WWDC 2026 runs June 8–12 at Apple Park. Based on the architecture described above and Apple's historical WWDC pattern, expect the following developer-facing announcements:

• App Intents v3 — expanded parameter types, streaming responses, and background intent execution for long-running agentic tasks
• On-screen awareness API — programmatic hooks for apps to declare the semantic meaning of their screen content, improving Siri's understanding beyond pixel-level vision
• SiriKit deprecation path — legacy SiriKit domains (messaging, payments, workouts) likely folded into the App Intents model with migration guides
• PCC transparency tools for developers — APIs to verify PCC attestation from within apps, allowing privacy-sensitive apps to confirm their data routes only to verified PCC nodes

Strategic Analysis: Who Benefits Most

Apple gets Gemini's capabilities without the reputational cost of training a general-purpose internet-scale model. Apple's competitive advantage has always been hardware-software integration and privacy positioning — not foundation model research. Outsourcing the model while owning the privacy layer and the distillation pipeline is architecturally coherent with Apple's strengths.

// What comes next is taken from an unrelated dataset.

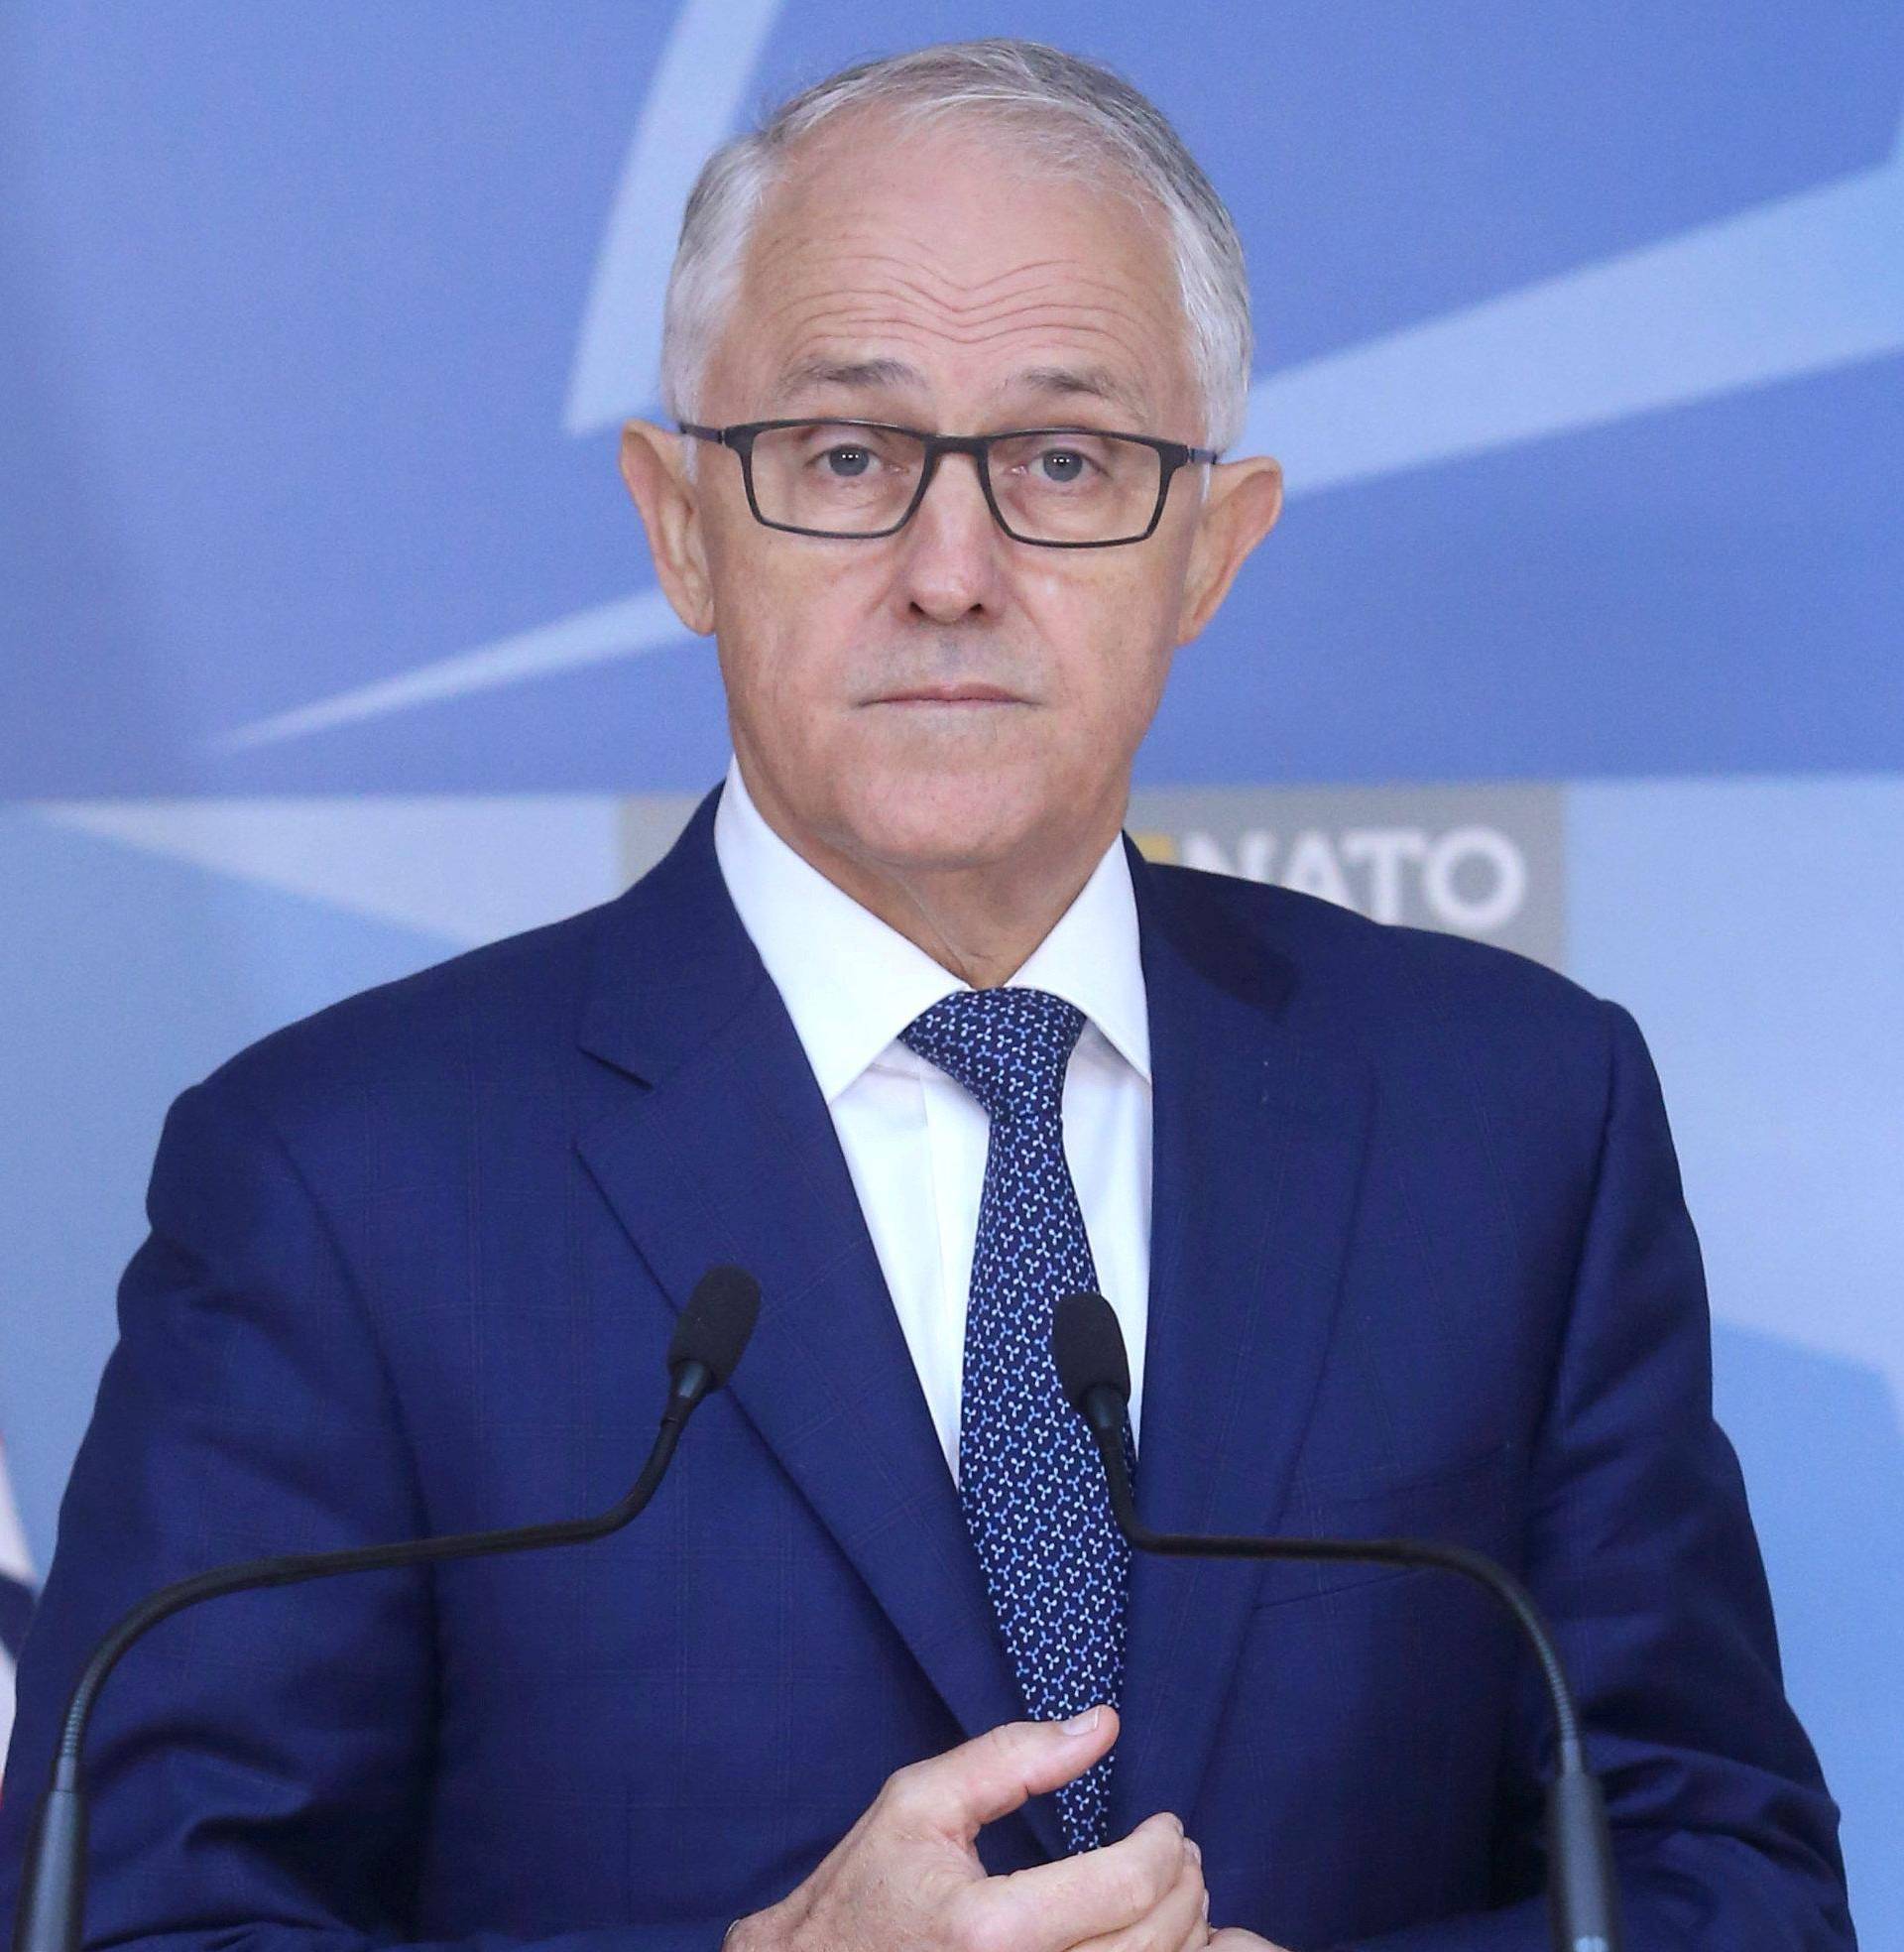 FILE PHOTO: Australian Prime Minister Malcolm Turnbull speaks at a news conference after a meeting with NATO Secretary-General Jens Stoltenberg at the Alliance's headquarters in Brussels

Google gets Gemini deployed at 1 billion+ device scale, with Apple's privacy architecture providing cover for regulatory concerns about personal data. The $1B annual payment is less important than the inference volume — every complex Siri query processed by Gemini generates implicit feedback about real-world usage patterns that Google cannot buy anywhere else.

Developers face the most immediate pressure. Apps that do not adopt App Intents will progressively lose Siri surface area as the intelligence layer expands. By WWDC 2026, Siri will have cross-app reasoning capability that treats App Intents as the integration contract. Apps that have not invested in this integration will not participate in agentic workflows that iOS 26.5 enables — effectively ceding a growing share of user interaction to the OS layer.